We supply you with skeleton code and tests in src/kvraft1. The skeleton code uses the skeleton package src/kvraft1/rsm to replicate a server. A server must implement the StateMachine interface defined in rsm to replicate itself using rsm. Most of your work will be implementing rsm to provide server-agnostic replication. You will also need to modify kvraft1/client.go and kvraft1/server.go to implement the server-specific parts. This split allows you to re-use rsm in the next lab. You may be able to re-use some of your Lab 2 code (e.g., re-using the server code by copying or importing the "src/kvsrv1" package) but it is not a requirement.
To get up and running, execute the following commands. Don't forget the git pull to get the latest software.

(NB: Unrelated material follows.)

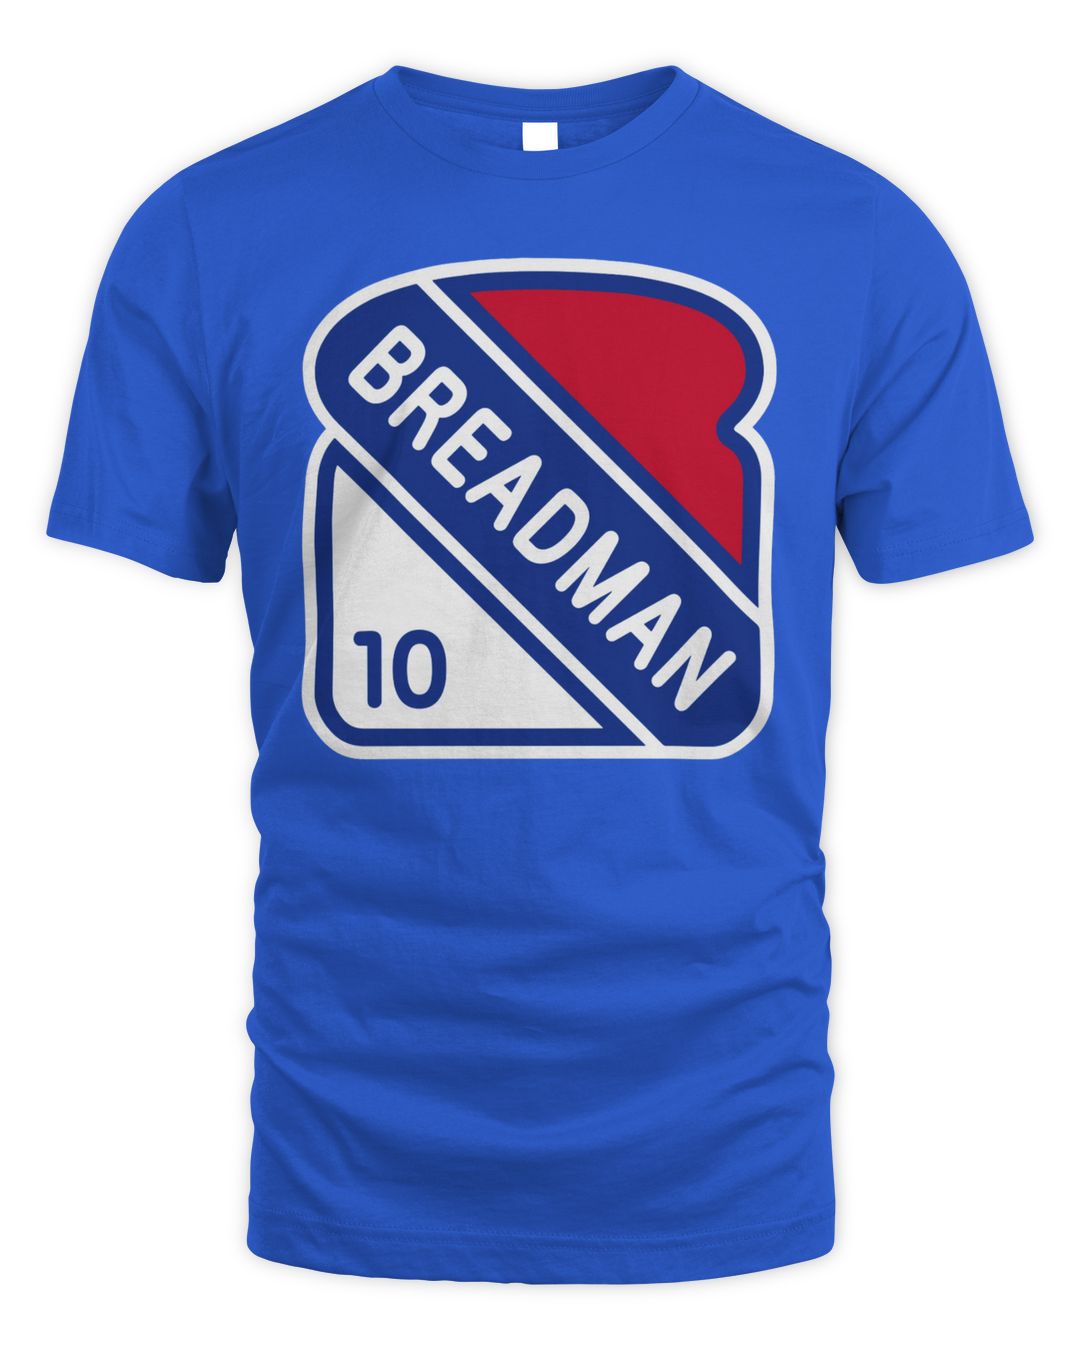 Blue York Merch Breadman Shirt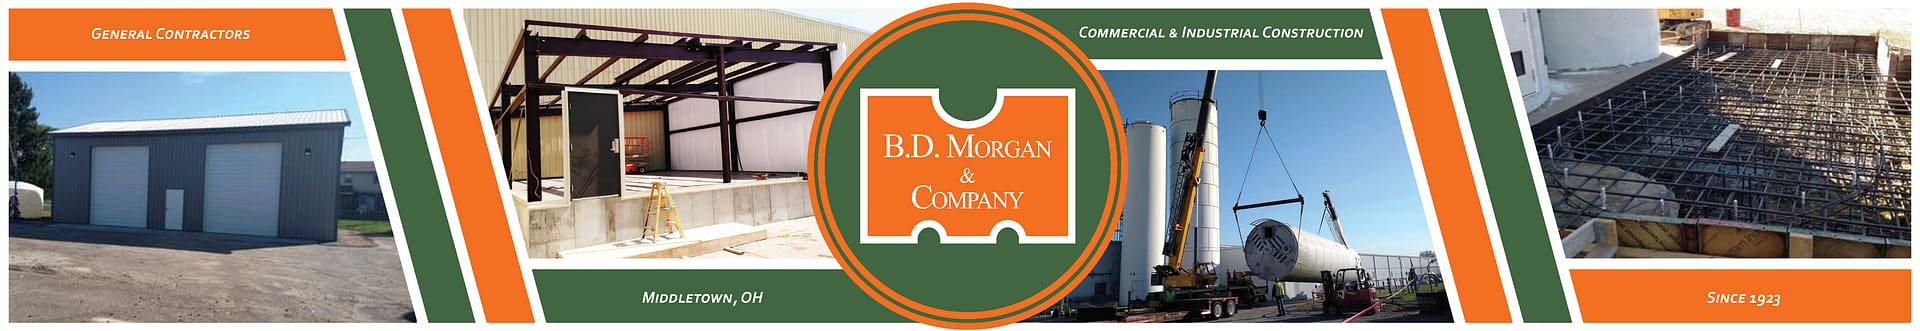 B.D. MORGAN & COMPANY, INC.

$ cd ~/6.5840 $ git pull ..
$ cd src/kvraft1/rsm $ go test -v === RUN TestBasic Test RSM basic (reliable network)... .. config.go:147: one: took too long
In the common situation of a client/server service using Raft for replication, the service interacts with Raft in two ways: the service leader submits client operations by calling raft.Start(), and all service replicas receive committed operations via Raft's applyCh, which they execute. On the leader, these two activities interact. At any given time, some server goroutines are handling client requests, have called raft.Start(), and each is waiting for its operation to commit and to find out what the result of executing the operation is. And as committed operations appear on the applyCh, each needs to be executed by the service, and the results need to be handed to the goroutine that called raft.Start() so that it can return the result to the client.
The rsm package encapsulates the above interaction. It sits as a layer between the service (e.g. a key/value database) and Raft. In rsm/rsm.go you will need to implement a "reader" goroutine that reads the applyCh, and a rsm.Submit() function that calls raft.Start() for a client operation and then waits for the reader goroutine to hand it the result of executing that operation.
The service that is using rsm appears to the rsm reader goroutine as a StateMachine object providing a DoOp() method. The reader goroutine should hand each committed operation to DoOp(); DoOp()'s return value should be given to the corresponding rsm.Submit() call for it to return. DoOp()'s argument and return value have type any; the actual values should have the same types as the argument and return values that the service passes to rsm.Submit(), respectively.
The service should pass each client operation to rsm.Submit(). To help the reader goroutine match applyCh messages with waiting calls to rsm.Submit(), Submit() should wrap each client operation in an Op structure along with a unique identifier. Submit() should then wait until the operation has committed and been executed, and return the result of execution (the value returned by DoOp()). If raft.Start() indicates that the current peer is not the Raft leader, Submit() should return an rpc.ErrWrongLeader error. Submit() should detect and handle the situation in which leadership changed just after it called raft.Start(), causing the operation to be lost (never committed).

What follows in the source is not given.